Letting agent fees – Handing over the running of the property to an agent will free up your time and lower stress levels but that peace of mind comes at a cost.
Other costs include insurance, survey fees, and how much of the appliances you want to supply and maintain. All have to be factored in when choosing rent levels and weighing it up against mortgage payments. There is a wide variety so shop around for best deals and see what other landlords in the area offer.
Weigh up the pros and cons
There are many pros when it comes to buy-to-let properties. The most beneficial is that it can offer you two forms of generating wealth – money from rent and capital growth. If everything is running well the rent should be more than covering any mortgage payments on the property and once it has been paid off the rent is then clear profit (minus any expenses). Also, any gains in value the property has made over the time is profit for you.

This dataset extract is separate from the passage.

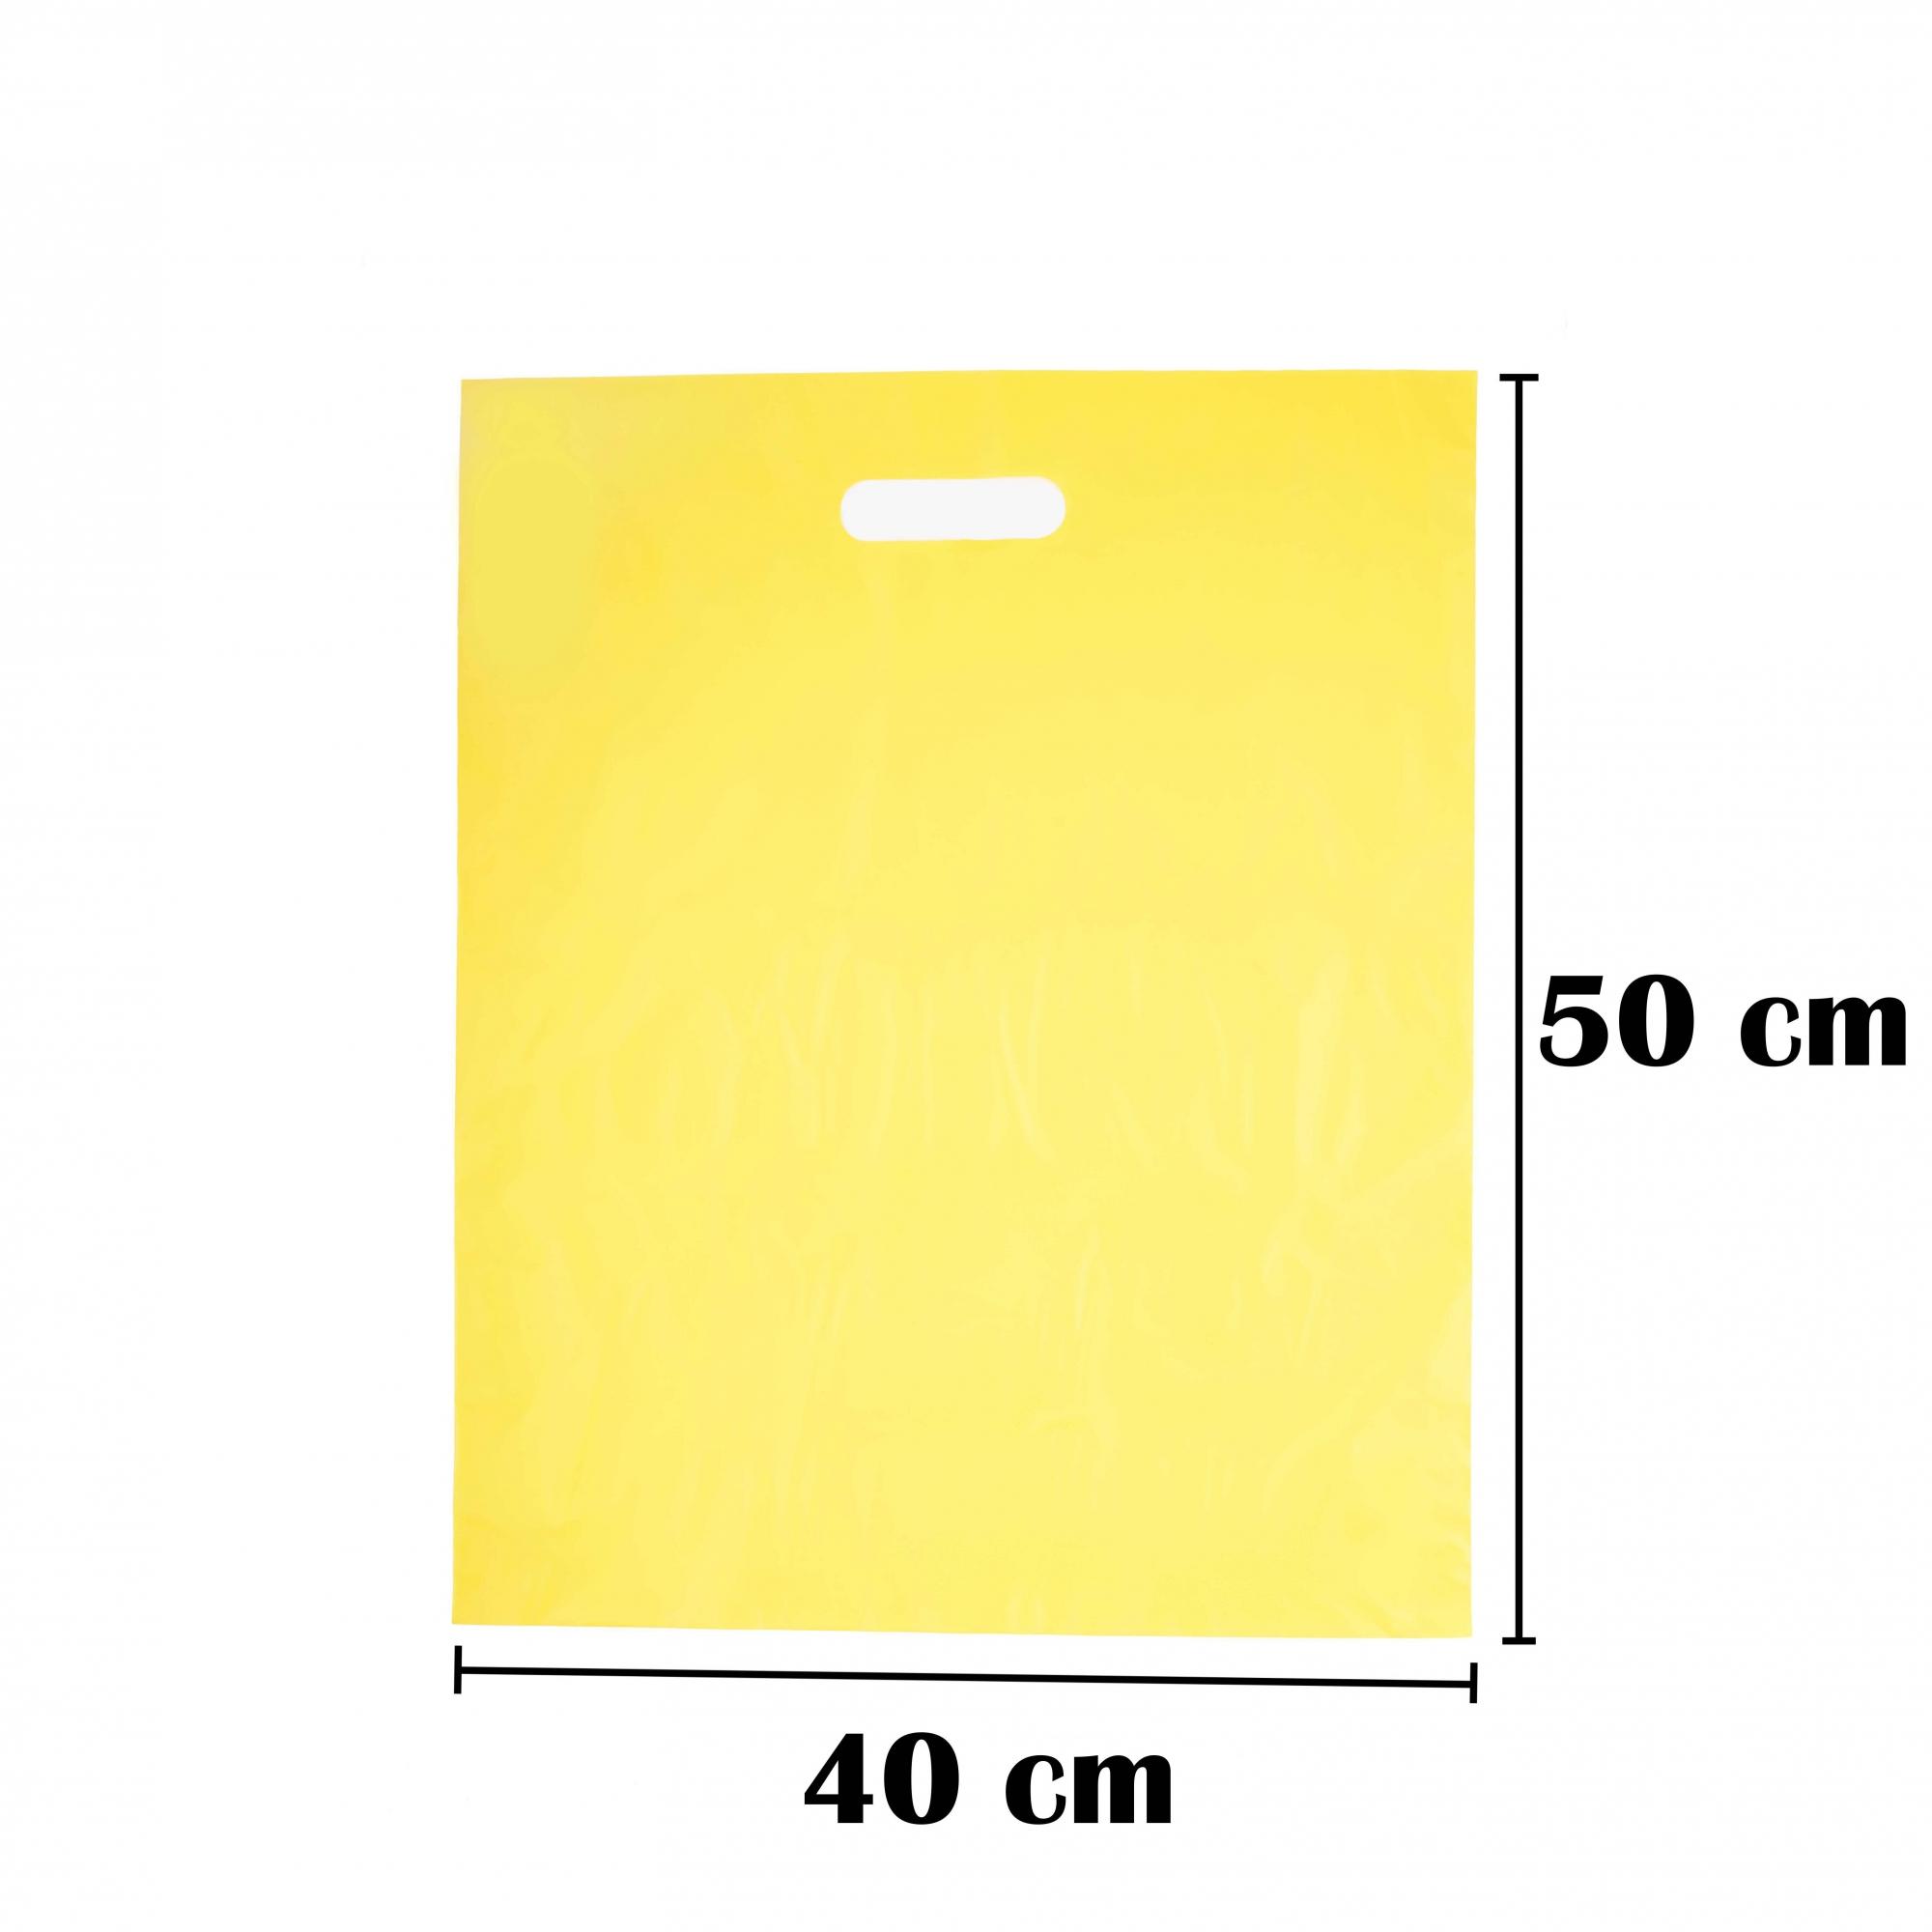 Sacola Plástica 40x50 Amarela Alça Boca de Palhaço 250 Unidades

The cons are similar to most types of investing in that there is a potential to lose money. Perhaps there are periods when you are struggling to find tenants, or interest rate changes mean the mortgage repayments become higher. The more you research and the better you plan your buy-to-let investment the more likely you will be that it makes you money.
Despite the potential cons, buy-to-let properties are still a very popular method of investing and will continue to be for the foreseeable future. Rental incomes are continuing to increase and properties are in strong demand. By doing your research, and getting as much advice as possible will help minimise the risks and can lead to you building a fantastic income.